Treatment approach in posterior dislocation: Under general anesthesia, gentle traction, pronation, and direct pressure over the radial head is used to reduce the dislocation. Postreduction, the elbow is generally stable. Immobilization is done in a long-arm cast for 4 weeks in either flexion (110 degres) & supination or uncommonly flexion & pronation. Patient generally recovers complete range of motion.
The diagnosis may be easily missed on radiographs and, therefore, require a high index of suspicion. Authors have reported isolated anterior dislocation of the radial head in young woman without functional disorders. Early reduction is important in order to avoid the necessity for excision of the head of radius and its attendant complications.

If missed or neglected, an open reduction must to be done with either an annular ligament reconstruction or a radial head excision; in these conditions, the results were poor with a restriction of forearm supination and pronation and significant risk of degenerative arthritis of the elbow and the distal radioulnar joints. Closed reduction of an elbow dislocation is unlikely to be successful if attempted later than 21 days after the injury. The results are acceptable if open reduction is undertaken within 3 months of the injury, but after 6 months the results are disappointing and arthroplasty is an alternative.

References:
1. Krul M et al Cochrane Database Syst Rev. 2012 Jan 18;1:CD007759. doi: 10.1002/14651858.CD007759.pub3. (Manipulative interventions for reducing pulled elbow in young children.)
2. Woo CC; J Manipulative Physiol Ther. 1987 Aug;10(4):191-200. (Traumatic radial head subluxation in young children: a case report and literature review.)
.3. Obert L et al; Chir Main. 2003 Aug;22(4):216-9. (Isolated traumatic luxation of the radial head in adults: report of a case and review of the literature.)
4. Damak B et al; Acta Orthop Belg. 1998 Dec;64(4):413-7. (Isolated traumatic anterior dislocation of the radial head).

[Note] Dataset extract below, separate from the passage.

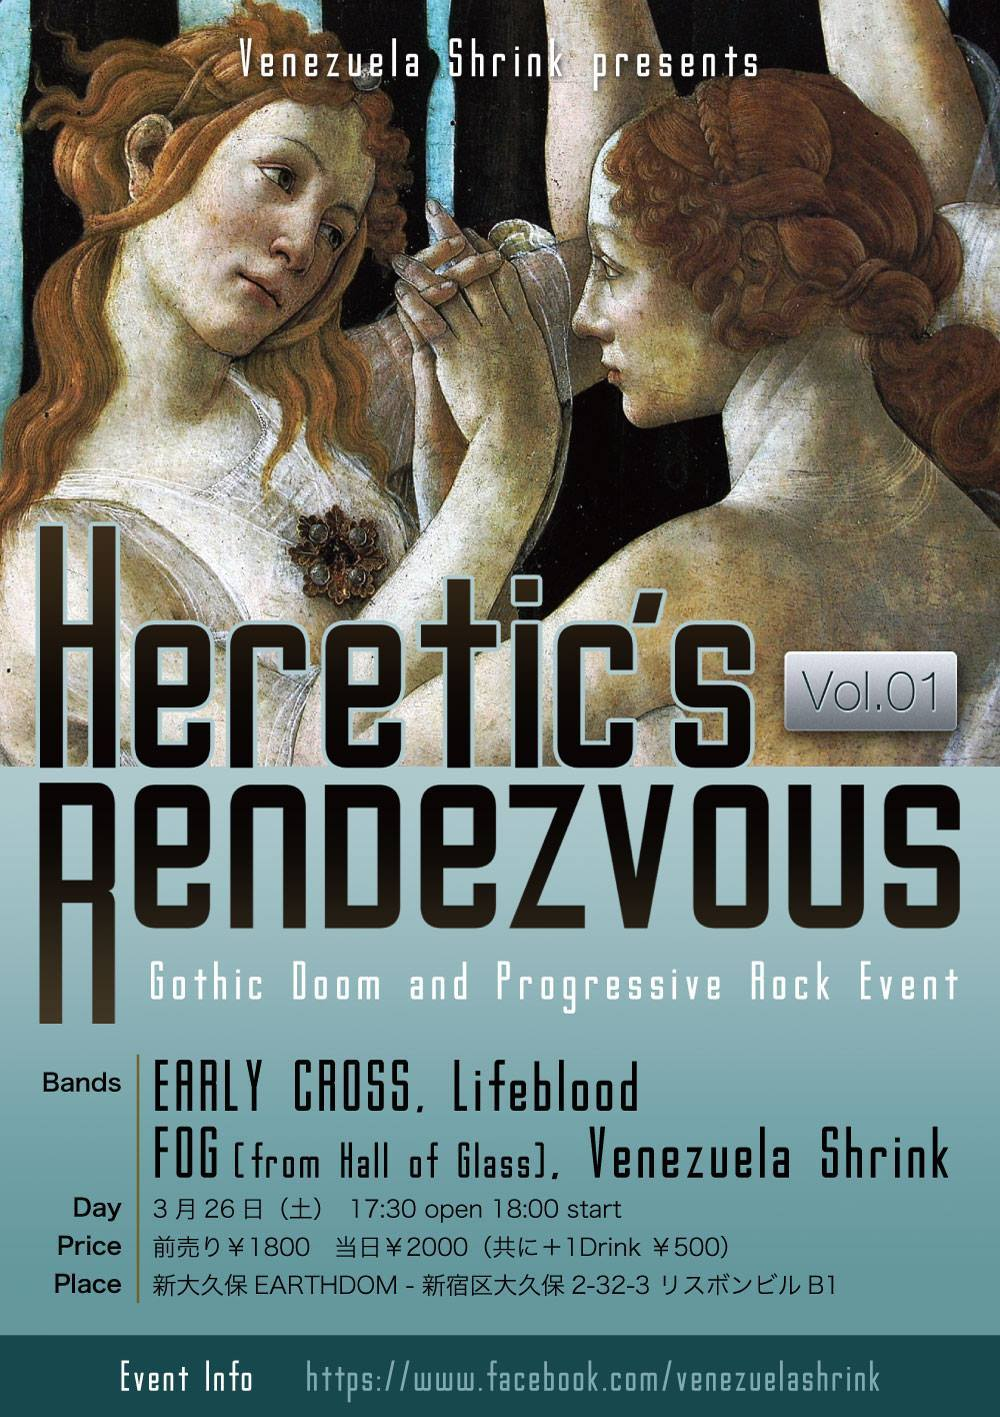 Heretics Rendezvous vol1

5. Bruce C et al; J Trauma. 1993 Dec;35(6):962-5. (Unreduced dislocation of the elbow: case report and review of the literature.)
6. Sachar K et al; Hand Clin. 1998 Feb;14(1):39-47. (Congenital radial head dislocations.)
7. Koulali-Idrissi K et al; Chir Main. 2005 Apr;24(2):103-5. [Isolated dislocation of the radial head in an adult (case report and literature review)].
8. J Emerg Trauma Shock. 2010 Oct;3(4):422-4. doi: 10.4103/0974-2700.70767. Isolated, traumatic posterior dislocation of the radial head in an adult: A new case treated conservatively.